Протестующее бунтарское начало раскрывалось актером вместе с тем неуклонным «изнеможением гордого ума», о котором говорит злой гений лермонтовского героя — Неизвестный. В игре Мордвинова прозвучал призыв к человечности, тоска по недостижимому счастью. В то же время актером были строго очерчены границы эгоистического мира героя, раскрыта обреченность индивидуалистического восстания против общества, живущего по законам зла. Тень и свет, проблески веры и горечь безверия, порывы вдохновения и испепеляющего героя отчаяния — все это было сплавлено воедино могучим мордвиновским талантом.
Мои заметки об образах, созданных Мордвиновым, носят скромно сообщительный характер: я говорю о Мордвинове, как режиссер, который практически был связан с ним многие годы жизни. Вот почему я узнавал, скажем, в Арбенине черты «Ученика дьявола» и догадывался, что руки этого петербургского барина впервые стали возникать у парня — волжанина из Ядрина — в дни его работы над молодым бароном из комедии Мюссе, а дальше — над Соболевским.
Арбенин вобрал в себя, конечно, «Ученика дьявола», но это не значит, что зрелые работы Мордвинова были только лишь развитием юношеских, студийных достижений.
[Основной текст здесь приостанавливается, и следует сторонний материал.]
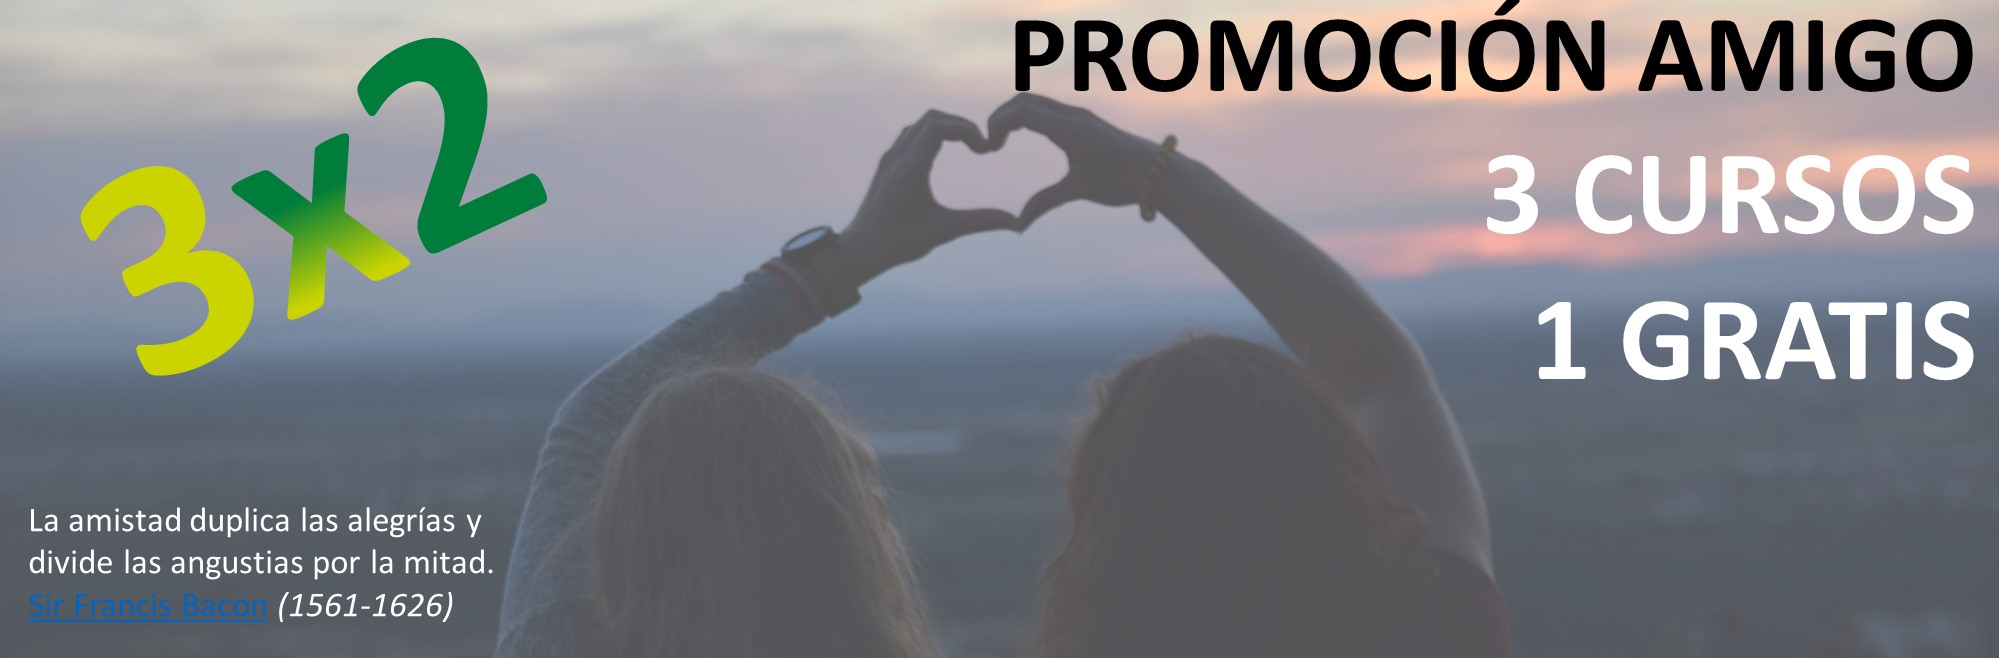 promocion-amigo-2018

Повзрослев, Мордвинов приобрел такие качества, о которых только мог мечтать в дни юности. Однако природа этих качеств отчетливо сказывалась уже в первых студийных его ролях. И вот теперь, когда прошли передо мной разные образы, созданные Николаем Дмитриевичем Мордвиновым, когда я попытался как бы заново увидеть, почувствовать то, что отличало искусство этого прекрасного актера, я с необыкновенной остротой ощущаю, насколько стойкими и последовательными были художнические убеждения моего друга и соратника.
Мордвинов не был всеяден. Он всегда знал, чего он хочет, к чему стремится. Помню, как отказался он от роли Николая Глуховцева из пьесы Леонида Андреева «Дни нашей жизни», от роли чеховского Иванова. Почему? Потому что не увидел он в этих героях возможности рассказать зрителю о том, как прекрасен мир, исполненный самых разных и в том числе трагических страстей, как прекрасен человек, живущий в этом мире я его преобразовывающий, ощущающий свою связь с природой «стремящийся властвовать над ней.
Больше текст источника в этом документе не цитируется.